EME 807
Technologies for Sustainability Systems

8.2. Building Integrated Solar Energy Technologies

Solar energy conversion is a large topic. The key technologies to mention here include:

  • Photovoltaics (PV, optoelectronic systems) - convert solar visible radiation into electricity
  • Concentrating Solar Power (CSP, solar thermal, or optocaloric systems) - convert solar thermal radiation into electricity
  • Solar heating systems - utilize solar heat (concentrated or not) without conversion 

You can learn these technologies in depth taking some of the courses in the Solar Energy Option of RESS. Here in this lesson, we will turn to one of the application examples of PV technology to study the factors that affect the practical implementation of solar panels in buildings. But before doing that, let us review the basic principles by which photovoltaic systems operate.

PV Basics

Photovoltaic (PV) technology is one of the ways to convert solar resource into usable energy - specifically sunlight to electricity.
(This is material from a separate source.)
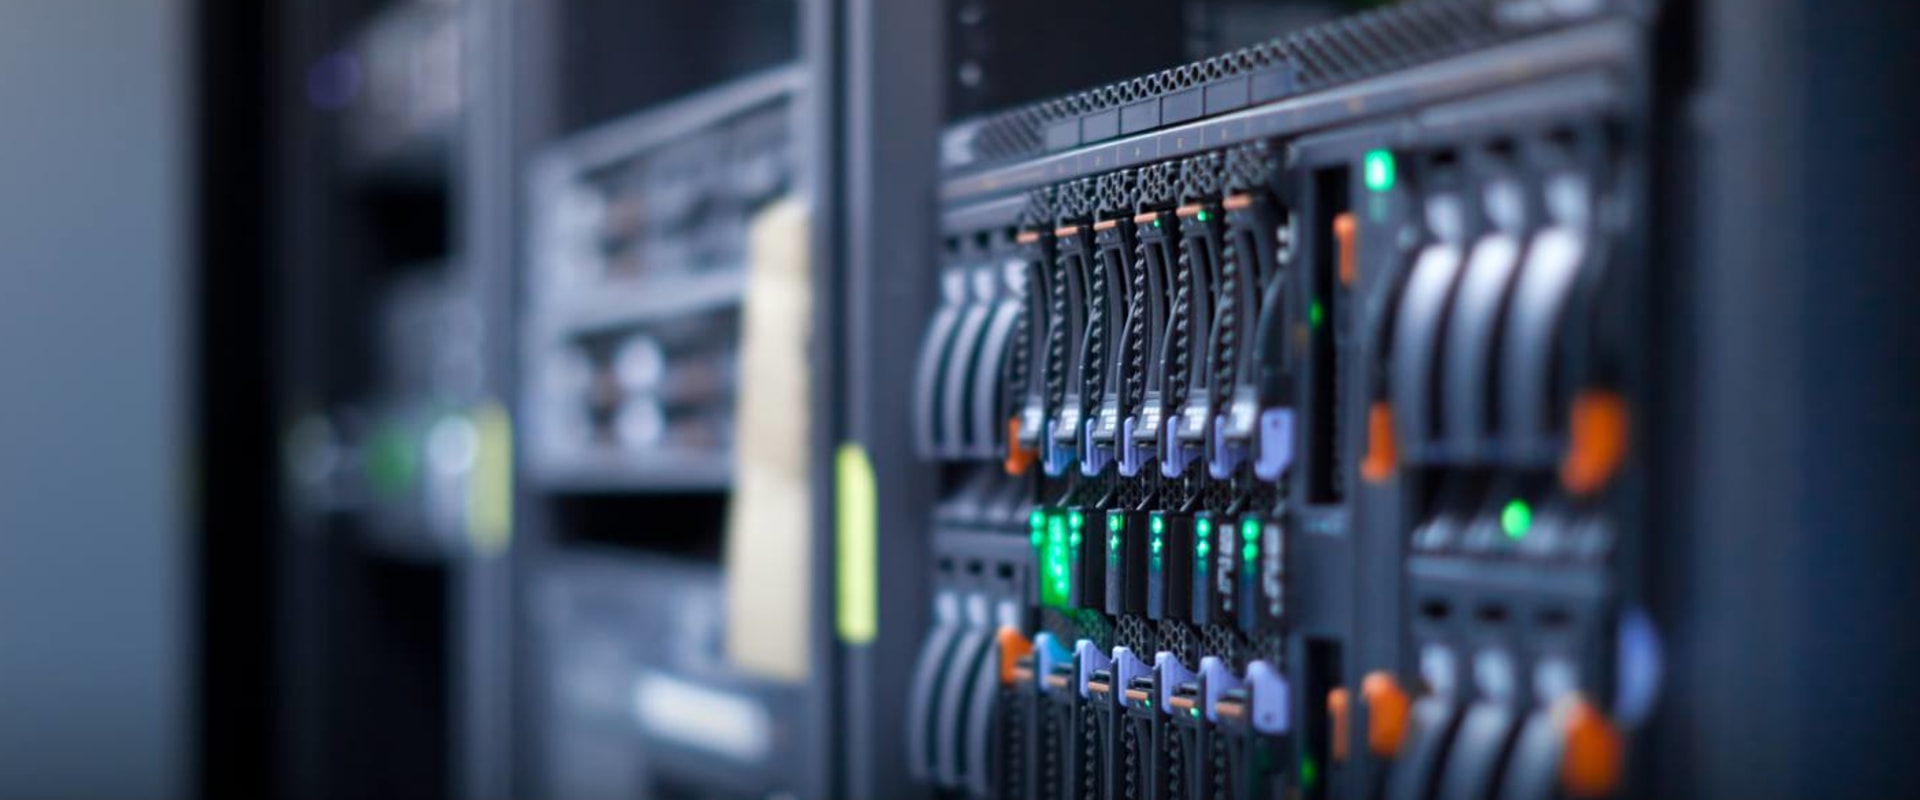 What are the advantages of dedicated hosting services?

Photovoltaic conversion is enabled by certain semiconductor materials, which have a property to generate electric current when they absorb incident photons. The physics of the photovoltaic effect can be schematically envisioned as three step process [Brownson, 2014]:

  1. Absorption of light
  2. Generation of charge carriers (electrons and holes)
  3. Separation of charge carriers (so that they can perform work)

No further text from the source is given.